Exercise details:
Whatever pictures appear, omit them, and repeat the data below exactly.

Data section:
○ ○ ○ ○

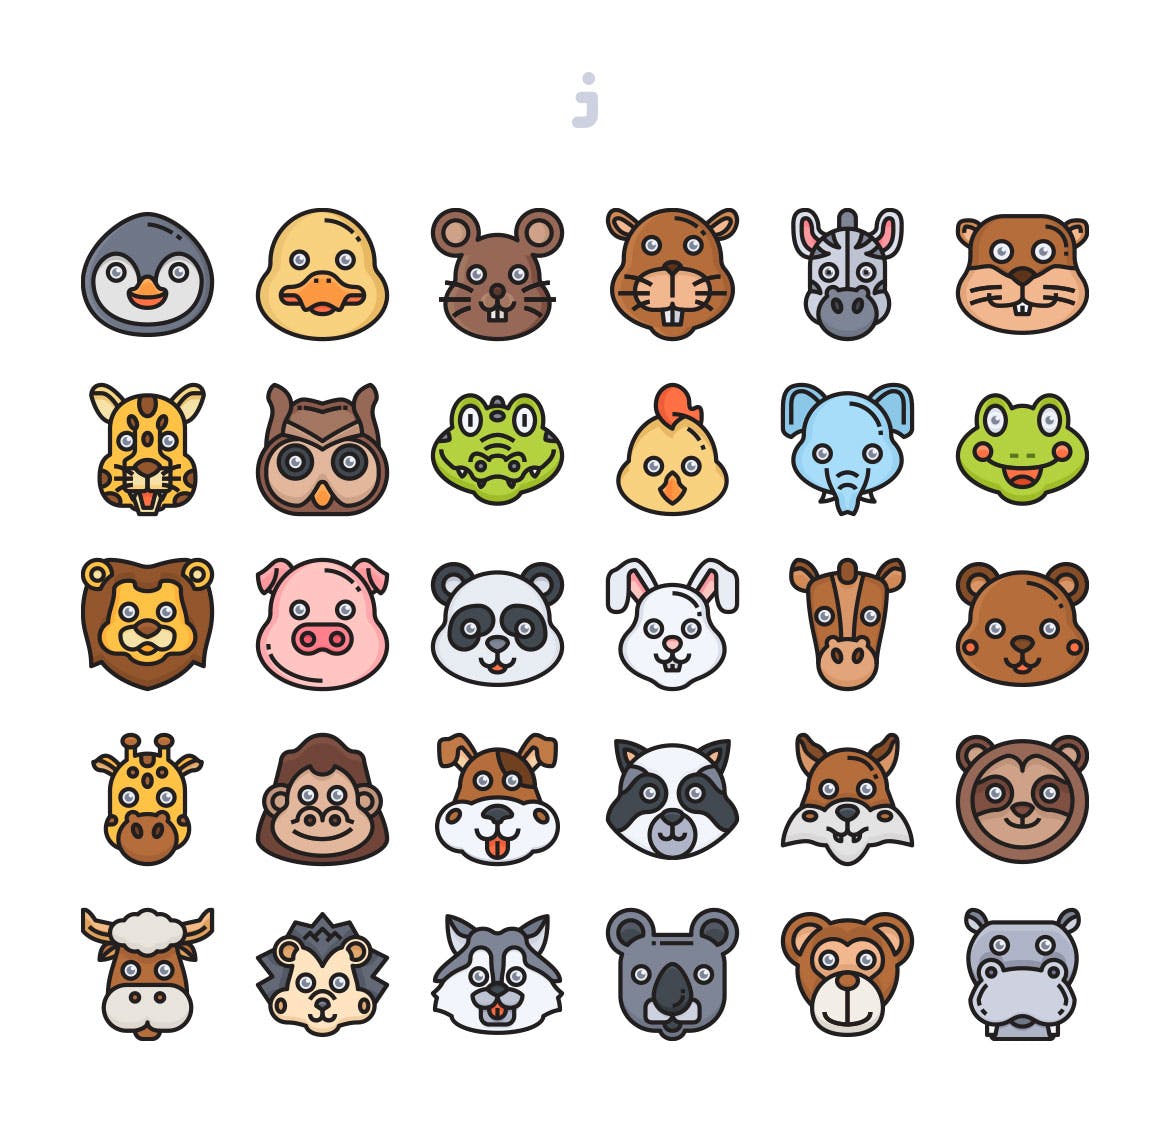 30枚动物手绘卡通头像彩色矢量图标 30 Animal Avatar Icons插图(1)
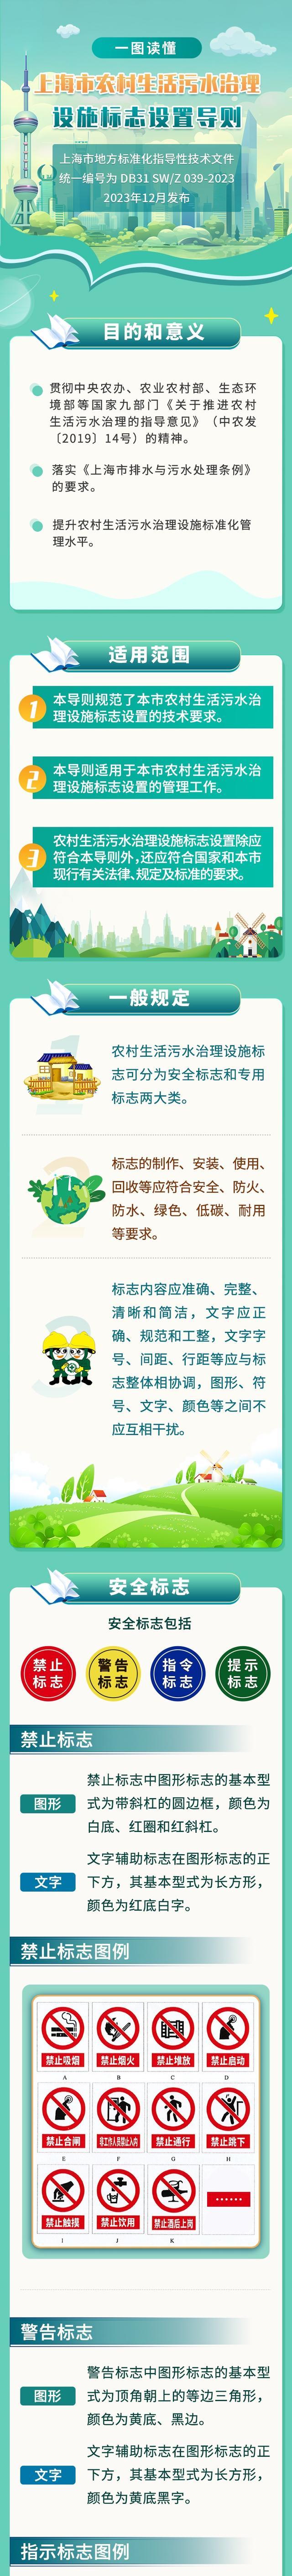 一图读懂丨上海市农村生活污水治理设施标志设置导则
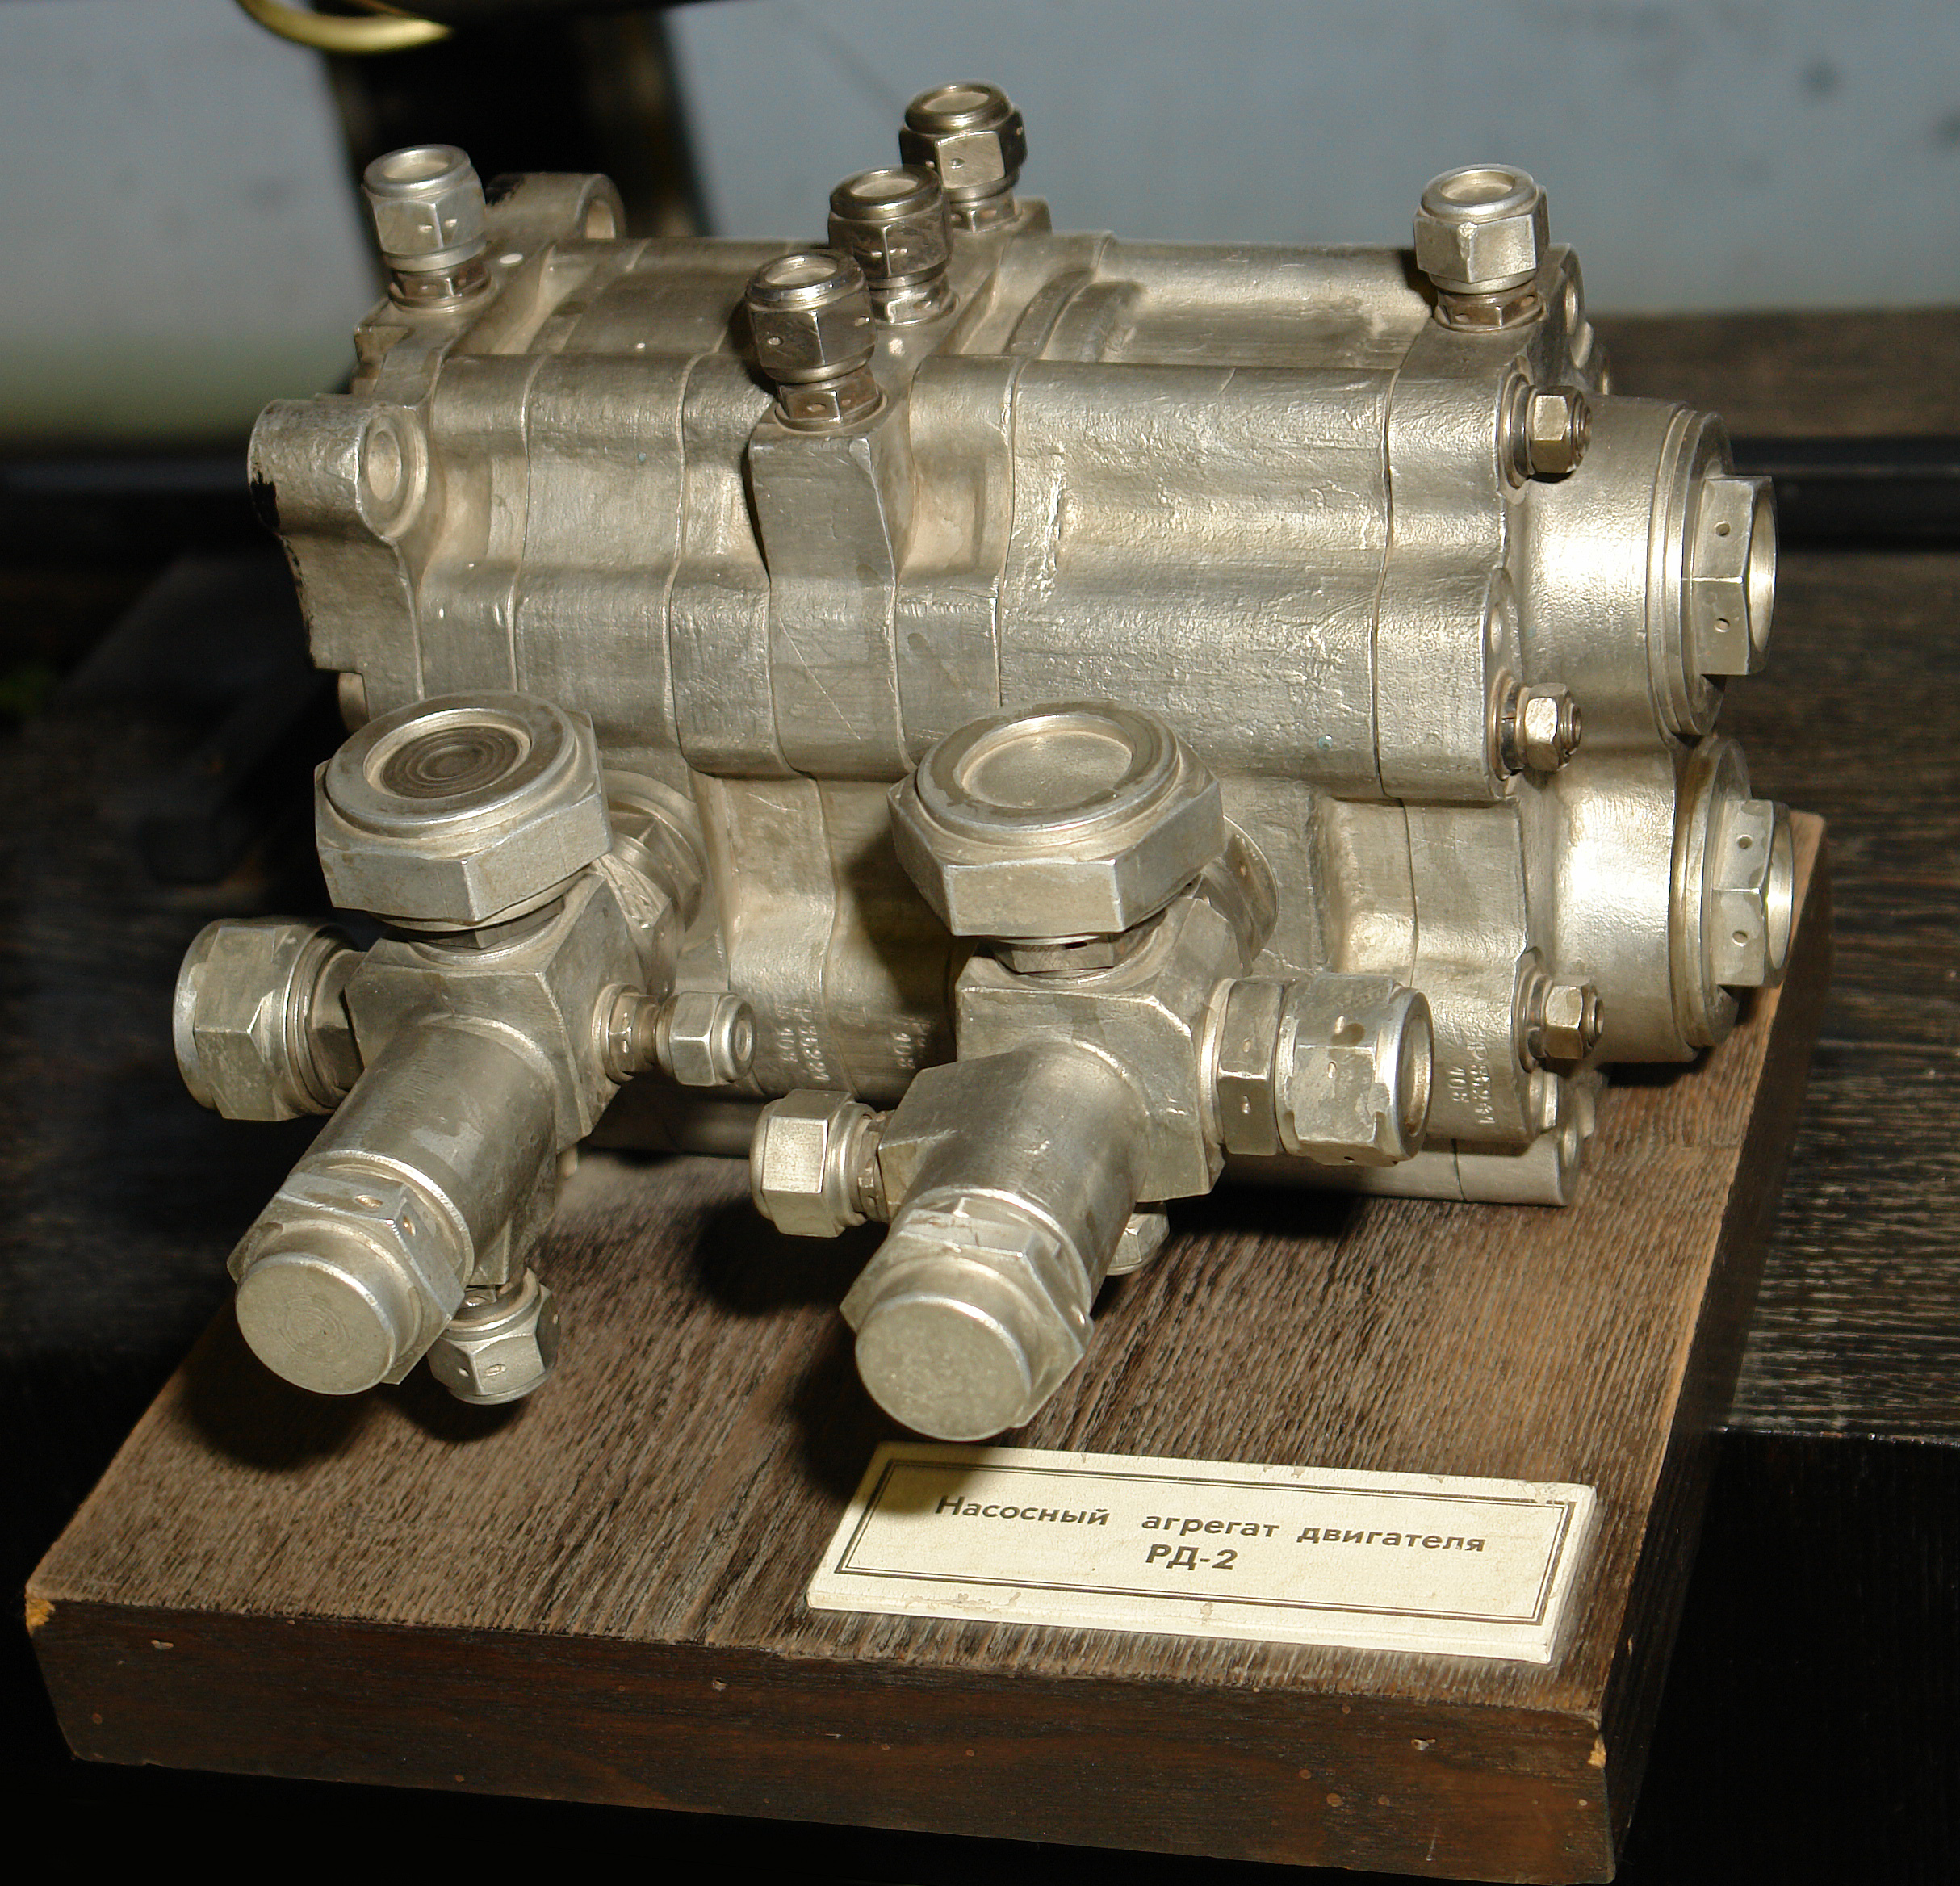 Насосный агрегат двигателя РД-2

○ ○ ○ ○

Final answer:
 30枚动物手绘卡通头像彩色矢量图标 30 Animal Avatar Icons插图(1)
 一图读懂丨上海市农村生活污水治理设施标志设置导则
 Насосный агрегат двигателя РД-2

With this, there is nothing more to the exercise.